While prosecutors in this case argue that Holmes carefully planned and carried out the shooting, his attorneys insisted that he was legally insane at the time of the shooting and have blamed mental illness.

In Colorado, first-degree murder can be punished with death or with life in prison without possibility of parole. The penalty phase, which began Wednesday, can have three segments before a sentence is handed down.

The first phase asks jurors to determine whether the prosecutors proved beyond a reasonable doubt that at least one aggravating factor is present in the case. Prosecutors presented aggravating factors including killing two or more people during a single crime and carrying out “an especially heinous, cruel or depraved” murder.

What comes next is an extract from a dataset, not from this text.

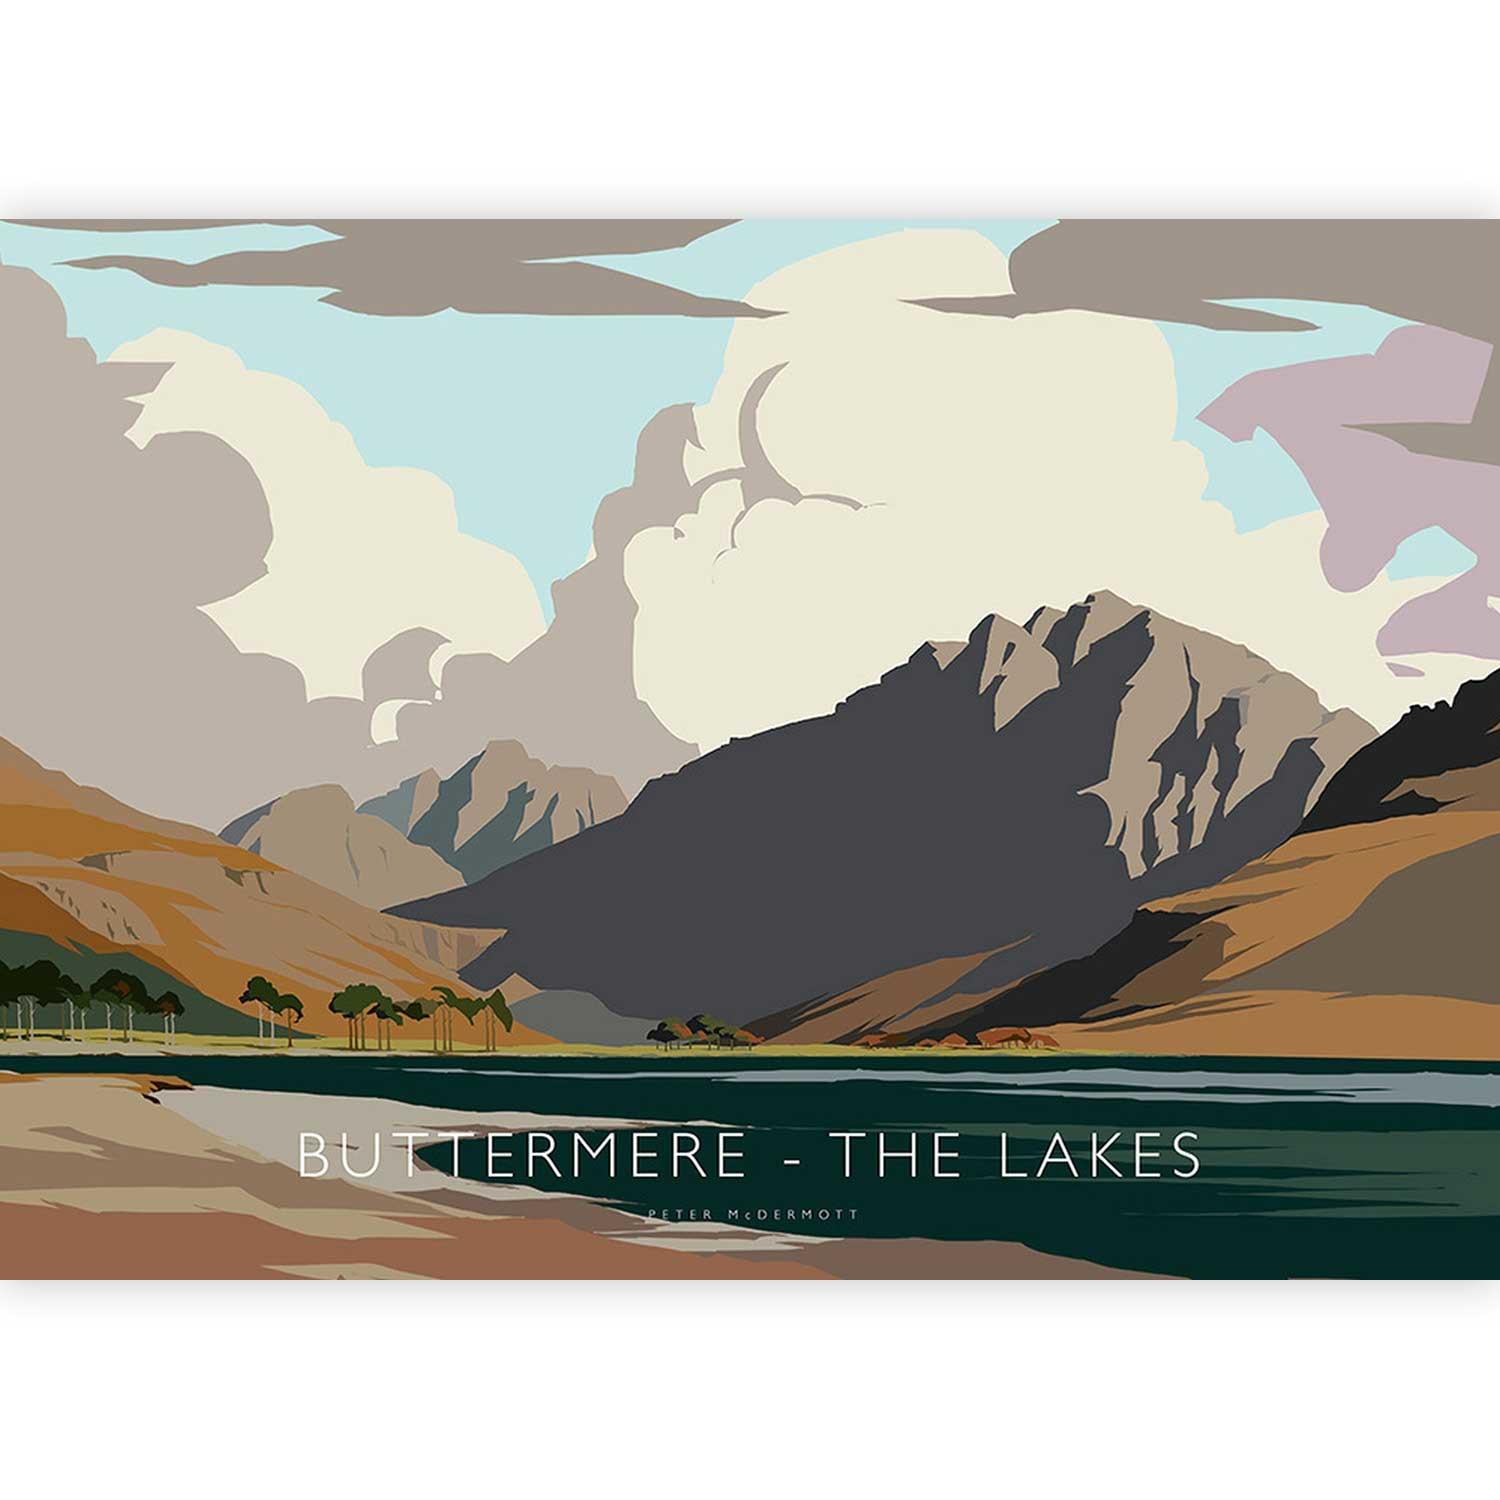 Buttermere The Lakes by Peter McDermott
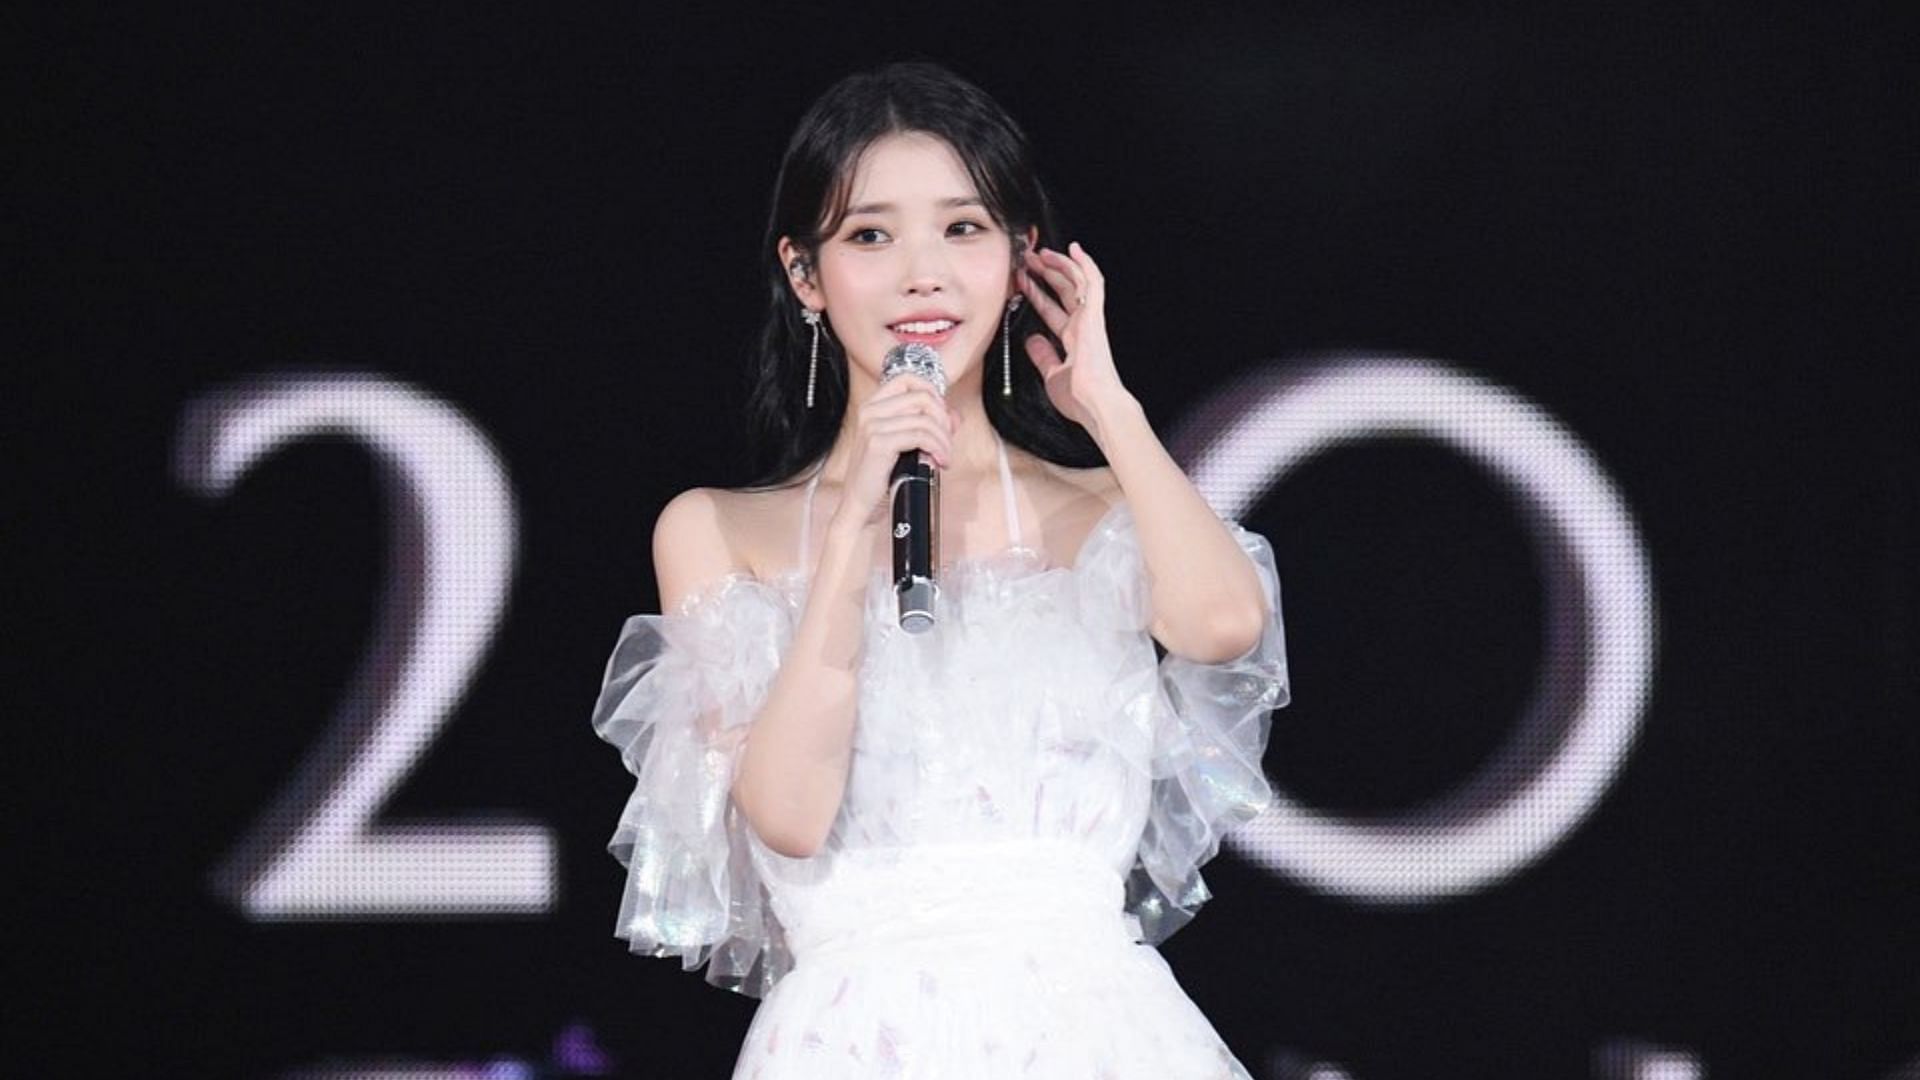 Dubbed the Queen of K-pop, IU has been undergoing treatment for a hearing disorder for nearly a year (Images via Instagram/dlwlrma)

Jurors found four of the five aggravating factors on each of the 24 first-degree murder counts in the case (two for each of the victims), though they did not agree that prosecutors proved that Holmes intentionally killed a child younger than 12.  Had they not agreed unanimously on these factors, they would have had to sentence Holmes to life in prison without parole.

Instead, their decision Thursday allowed the case to proceed to the next phase, when Holmes’s attorneys will present mitigating factors, which are things that would argue for a life sentence.

“We are not going to ask you to forgive Mr. Holmes,” defense attorney Rebekka Higgs told jurors, according to the Associated Press. “We are going to ask you for your compassion and mercy.”

At the end of this phase, jurors will have to determine whether the mitigating factors outweigh the aggravating ones. If they think this is the case, Holmes is sentenced to life in prison. If they disagree, the trial moves on to the third phase, which allows both sides to present more information and make closing arguments. Only then would the jurors deliberate to determine whether Holmes deserves a death sentence on any of the first-degree murder charges.

If Holmes is sentenced to death, it would be unusual for the state. Death sentences are rare in Colorado, which has three inmates on death row and has carried out only one execution since 1976.

Before the trial began, Holmes’s parents pleaded for their son’s life, arguing that he should be imprisoned for the rest of his life rather than executed.

“We do not know how many victims of the theater shooting would like to see our son killed,” Robert and Arlene Holmes wrote in a letter published by the Denver Post. “But we are aware of people’s sentiments. We have read postings on the Internet that have likened him to a monster. He is not a monster. He is a human being gripped by a severe mental illness.”

Court officials say the entire penalty phase could last as long as a month.

Meanwhile, District Judge Carlos A. Samour Jr. released an order Wednesday sanctioning a media organization for its work during the trial. Samour banned Newsweek reporters from the courtroom for publishing a juror’s name.